WHAT YOU ARE ASKED TO DO ::
Only the lines from the one containing "Fluido Para Escova" to the end of the material are to be copied, exactly and in full; images stay out.

RECORDED INFORMATION ::
:::
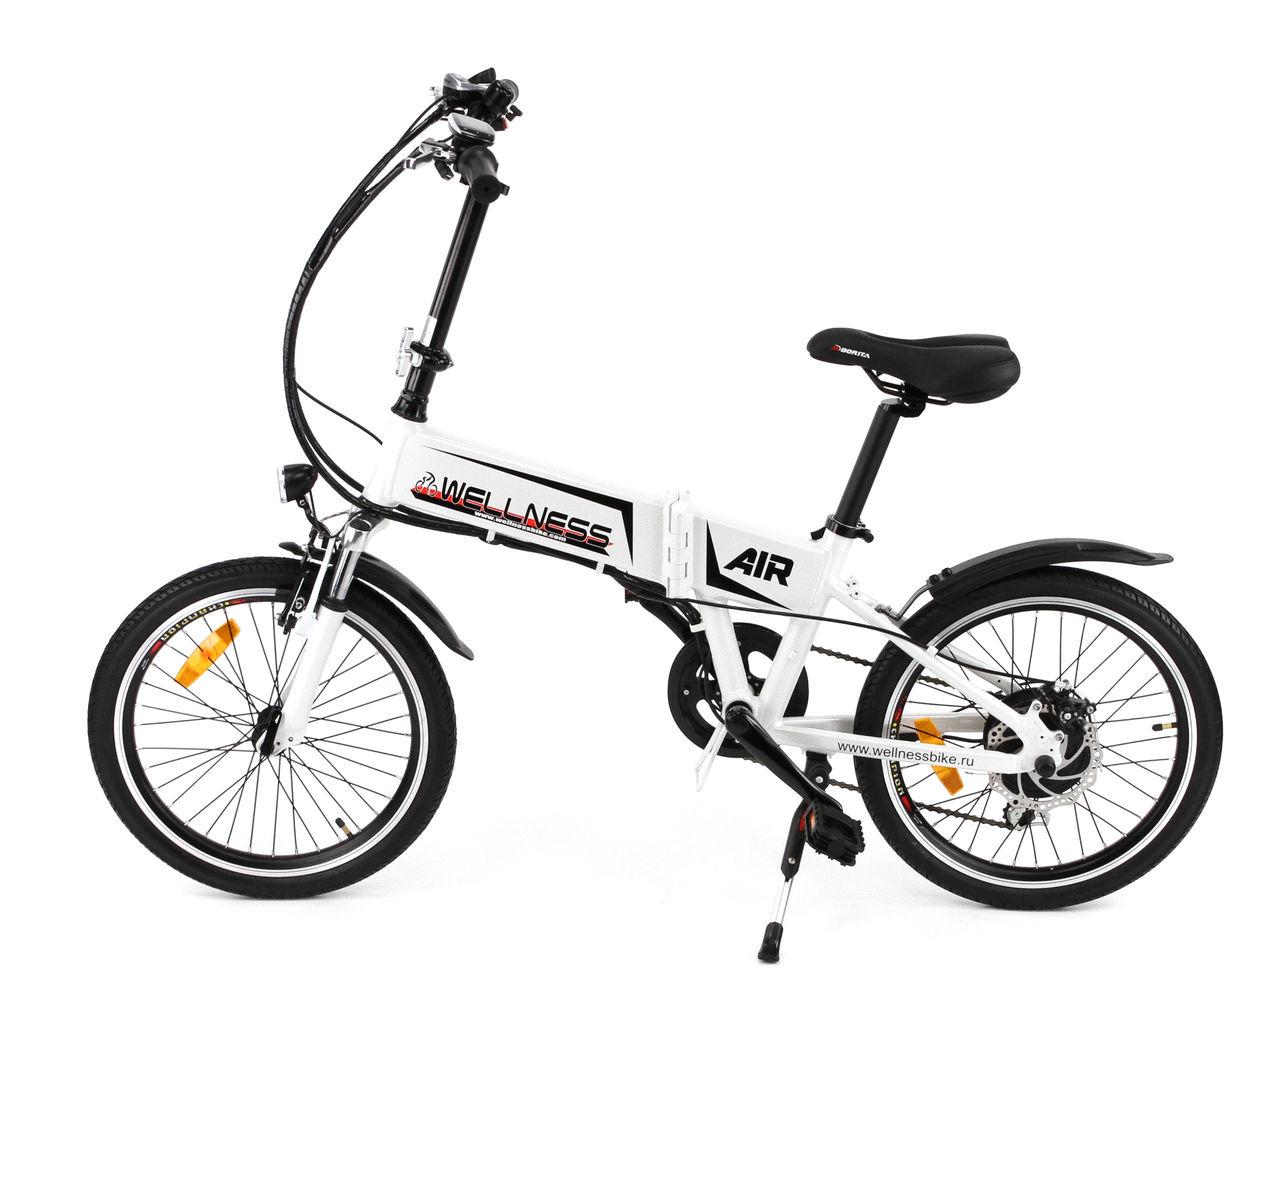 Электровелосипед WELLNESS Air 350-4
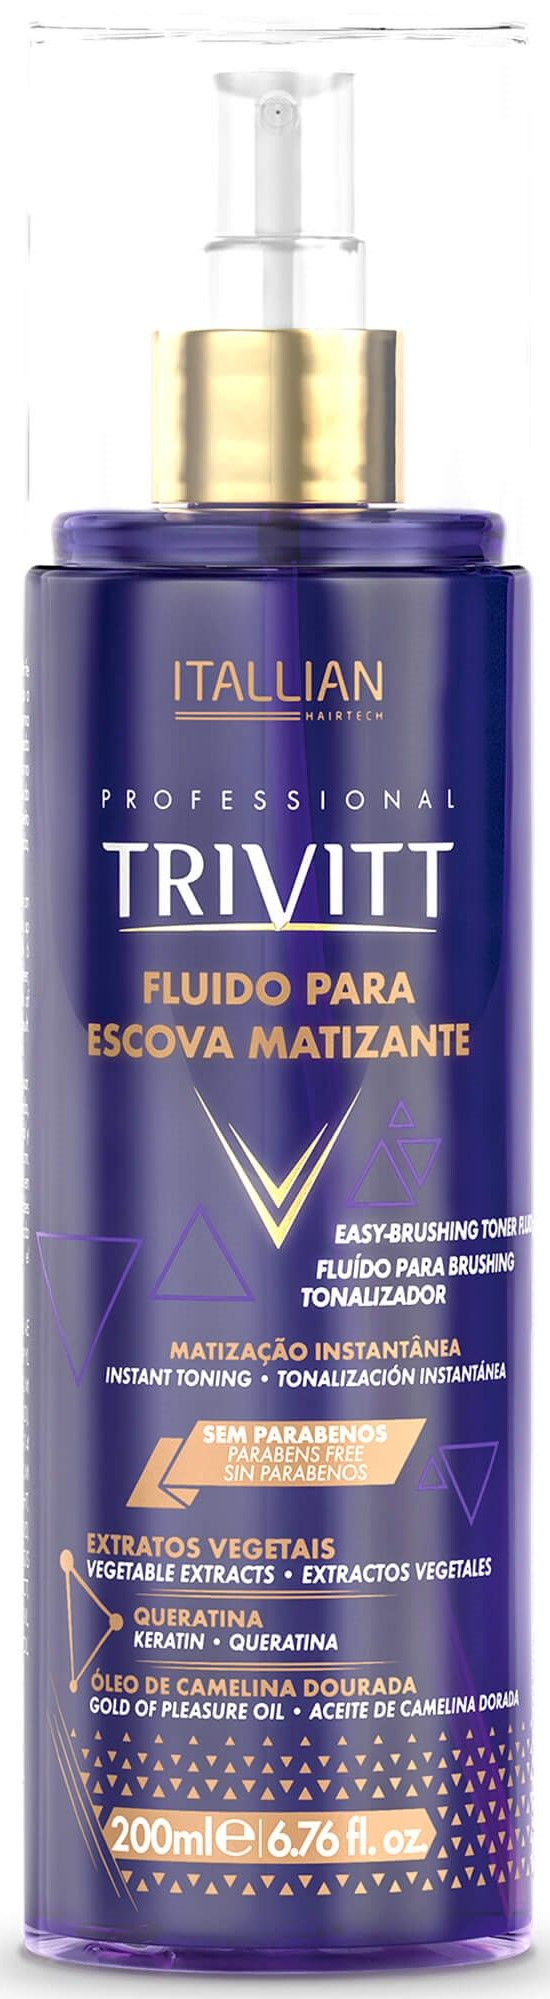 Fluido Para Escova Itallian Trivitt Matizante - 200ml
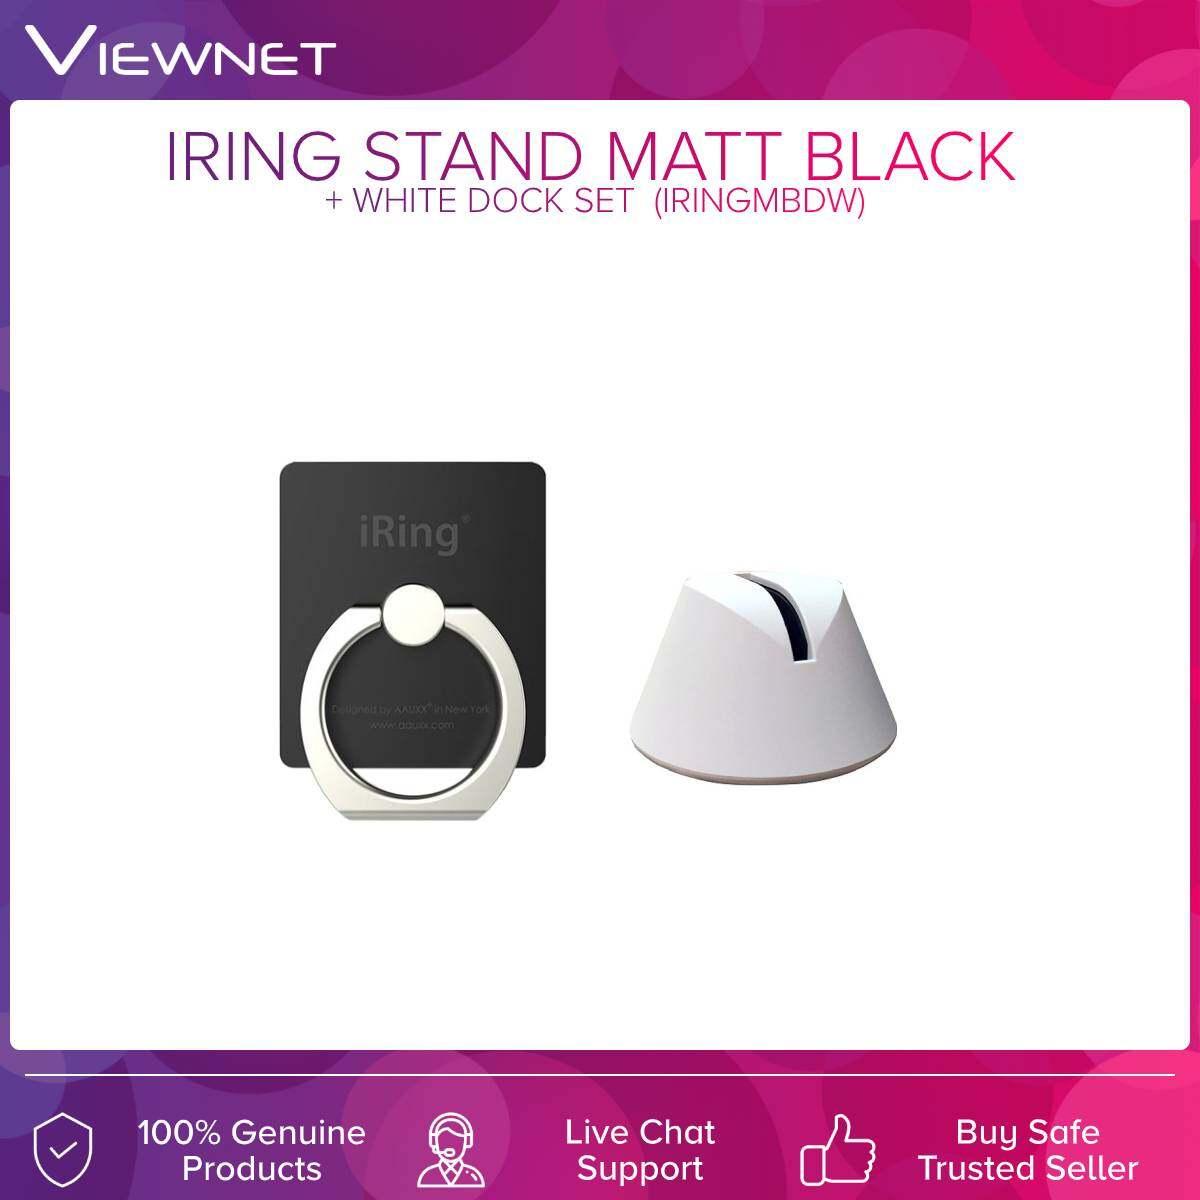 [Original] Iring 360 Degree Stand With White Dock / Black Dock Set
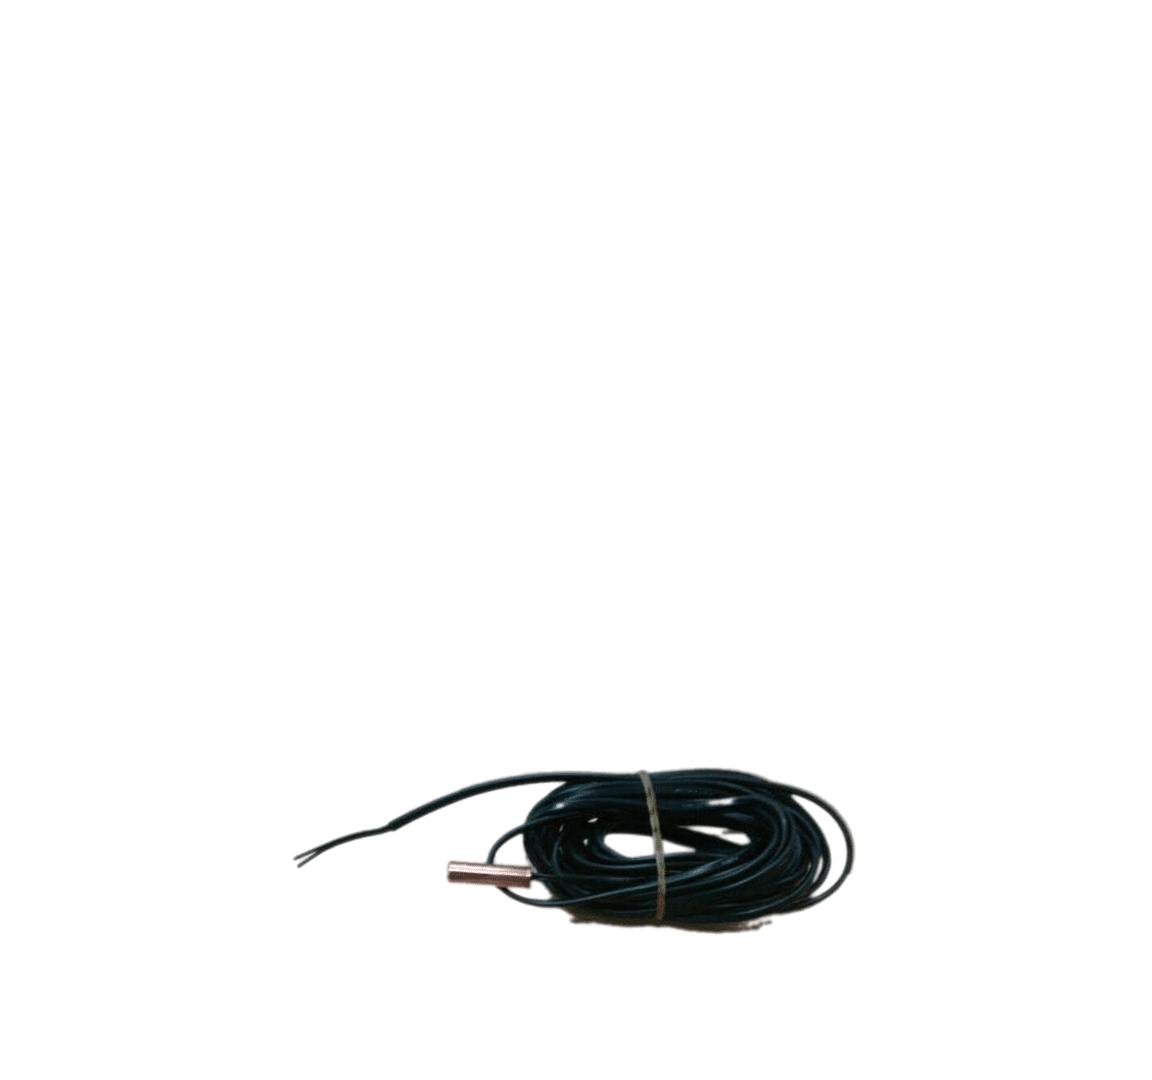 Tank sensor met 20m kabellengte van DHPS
:::
RESPONSE BOX ::
 Fluido Para Escova Itallian Trivitt Matizante - 200ml
 [Original] Iring 360 Degree Stand With White Dock / Black Dock Set
 Tank sensor met 20m kabellengte van DHPS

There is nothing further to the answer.